Here’s what I think.  Mike Bloomberg’s natural constituency consists mainly of pundits and TV talking heads in NYC and D.C.  They’re the ones who fantasize about a mythical consensus candidate who’ll ride in on a white horse and save them from the reality of politics c. 2020.  There are certainly hundreds of these folks – maybe even a thousand or two.  But not millions, which is what Bloomberg would need to win a national election.

People like MEET THE PRESS’s Chuck Todd fantasize about a unicorn candidate who is both fiscally conservative and socially liberal.  That sounds great, but it turns out that only about 4% of voters nationally fit that profile.  And most of them vote Republican. 

That pretty much sums up the Beltway pundit world view.  Not only do they want Democrats to be more like Republicans, but they want Democrats to be like a vanishingly small subset of the electorate. 

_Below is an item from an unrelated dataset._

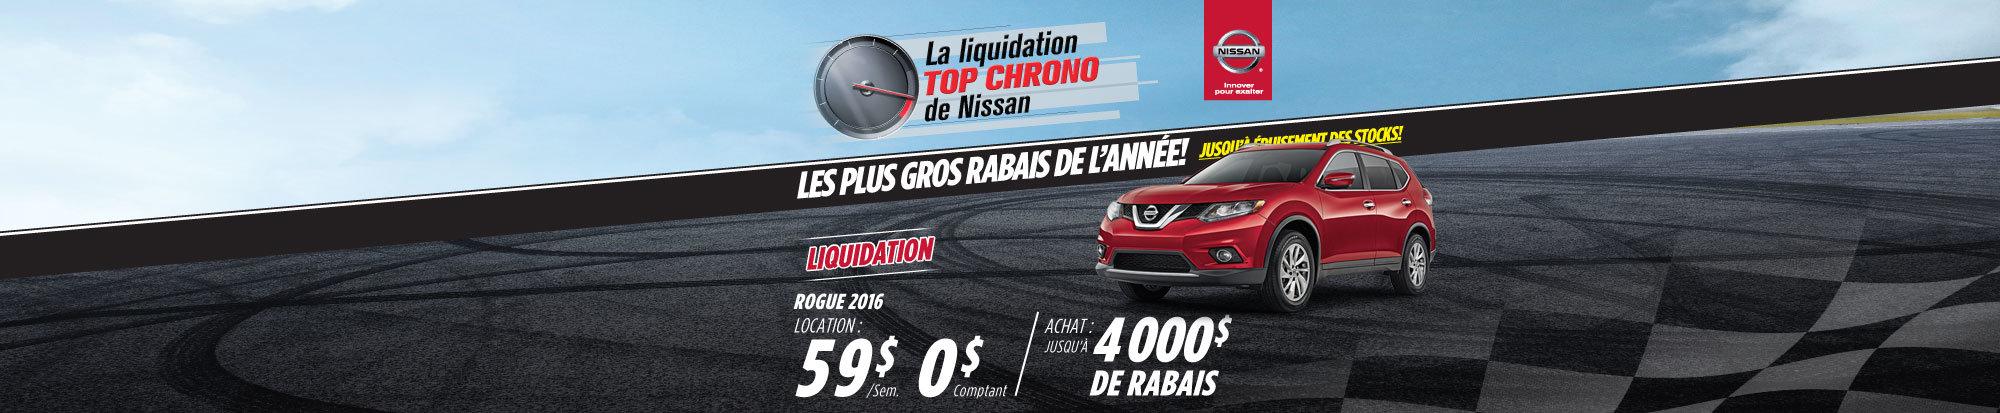 La liquidation top chrono de Nissan - Rogue 2016
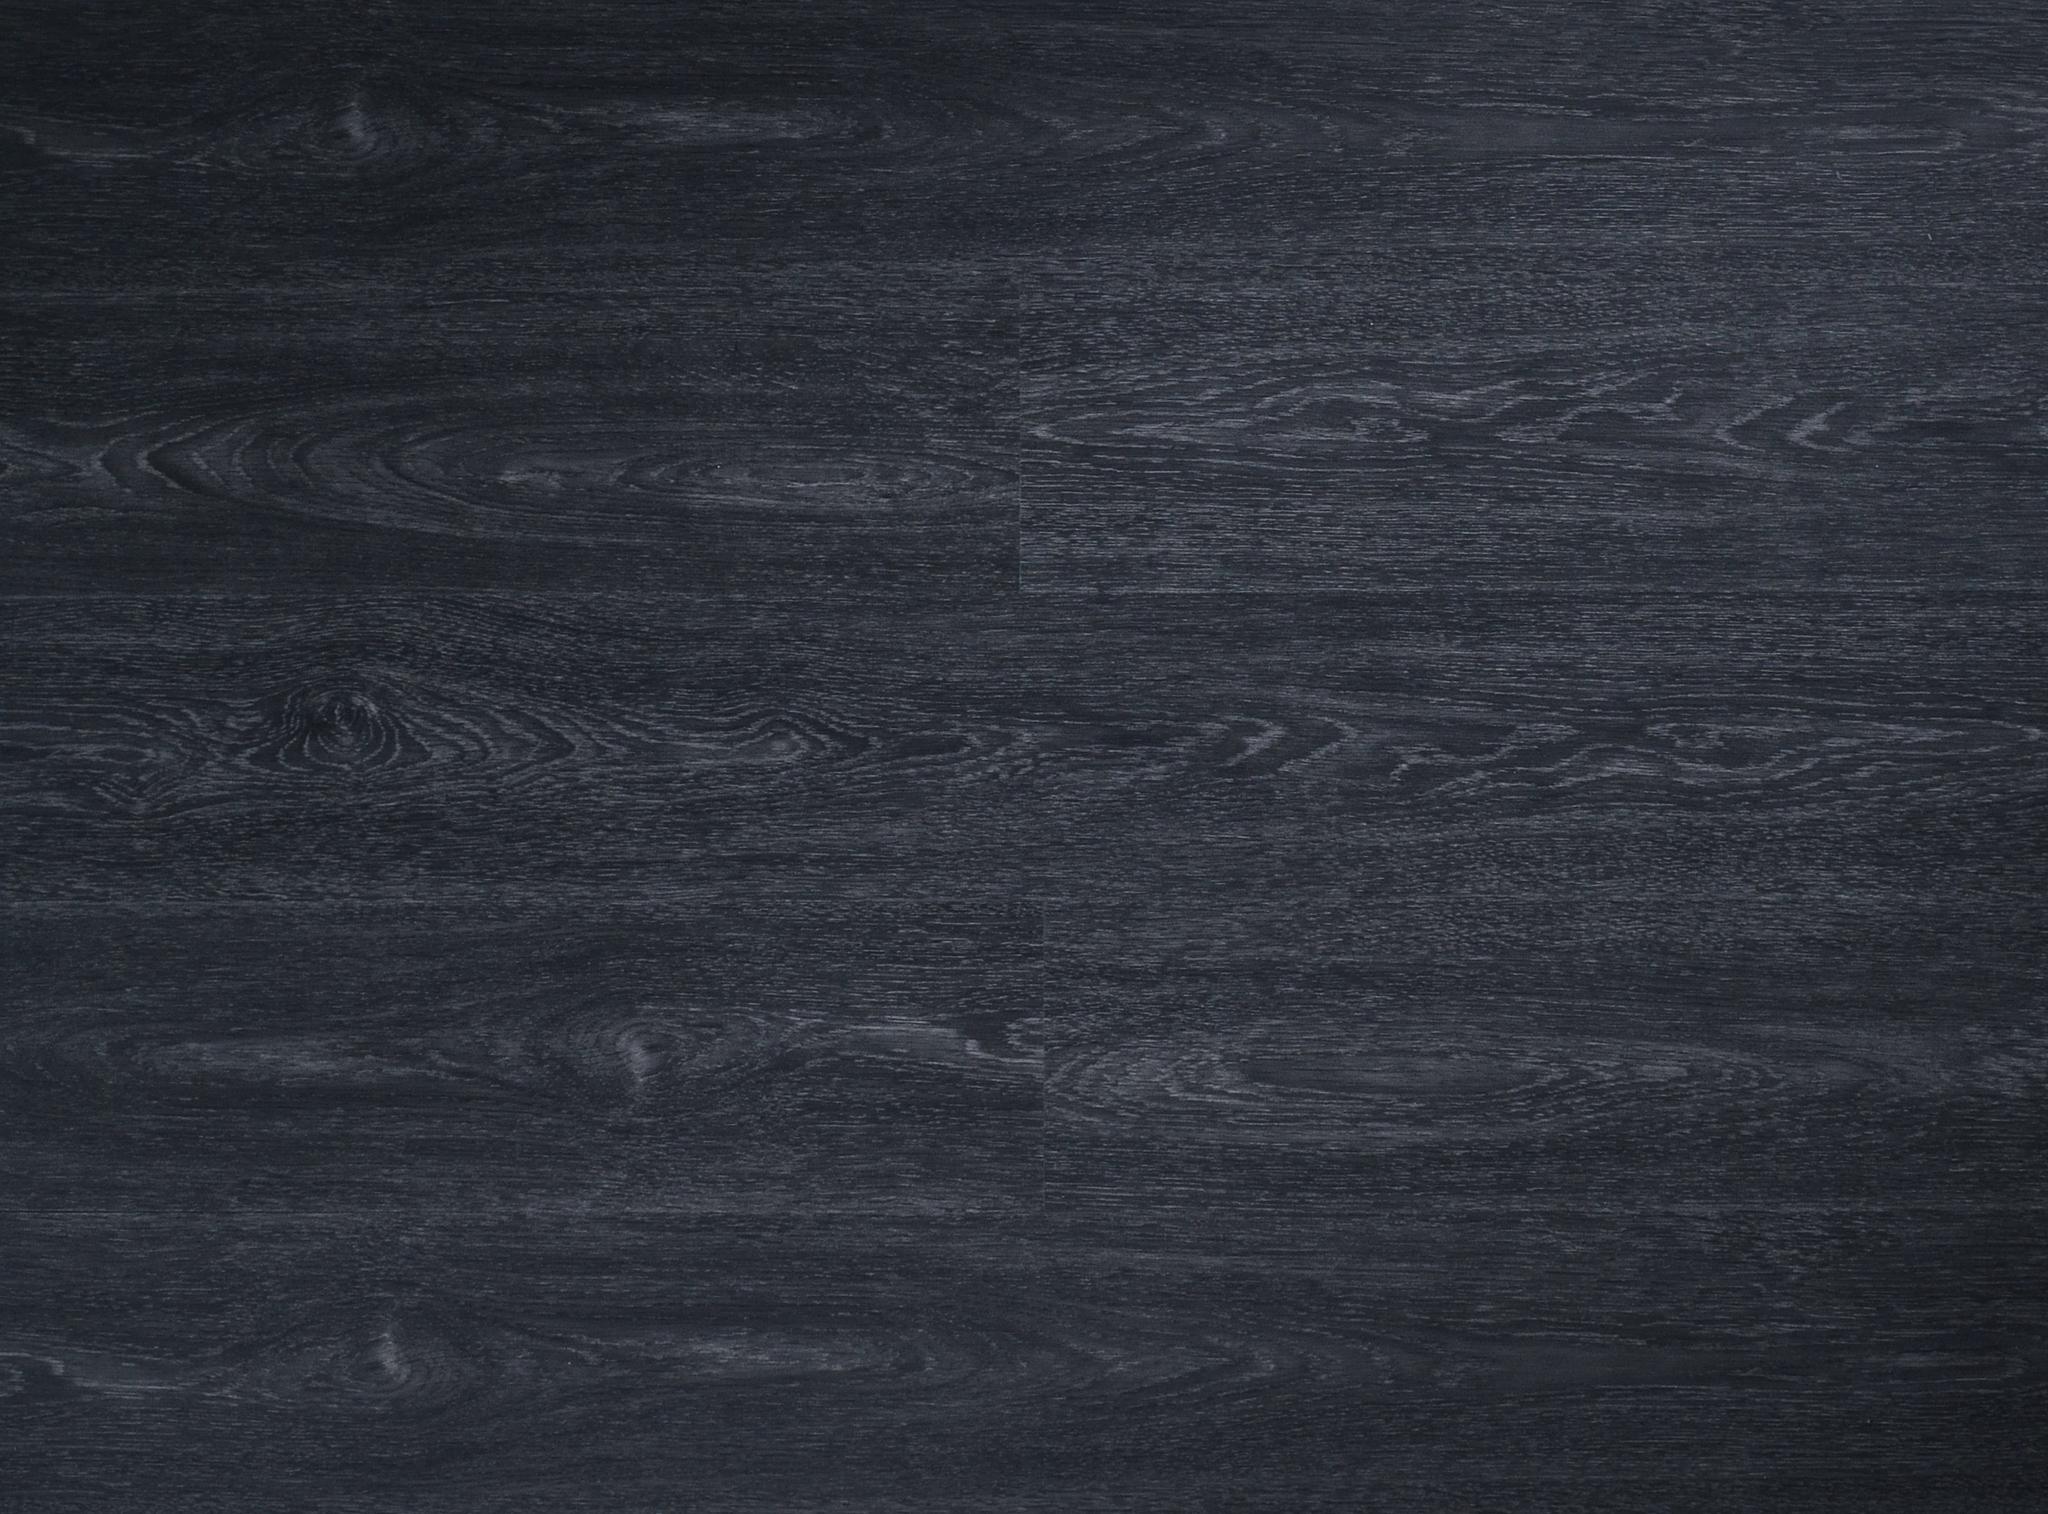 Виниловый пол Concept Floor - Fit Line Eiche Blackmoor (Дуб Blackmoor)

If Bloomberg wants to spend a few uncountabillion dollars on politics over the next twelve months, these kinds of projects make way more sense than trying to buy a presidential nomination.  Several people have suggested that Bloomberg (or Steyer) buy Fox News and either shut it down, or transform it into a real news organization.  Or round up a bunch of other obscenely rich plutocrats and talk them into pooling their fortunes to do something meaningful about climate change.  Or pay off all the outstanding college debt in one fell swoop.  Or subsidize free opioid rehab centers around the country.  Or help lower the abortion rate by making birth control freely available everywhere.  There are so many ways to make an impact with that much money. 

Running for president is the least useful thing a billionaire can do. 

Oh, and Bloomberg has terrible taste in golfing partners.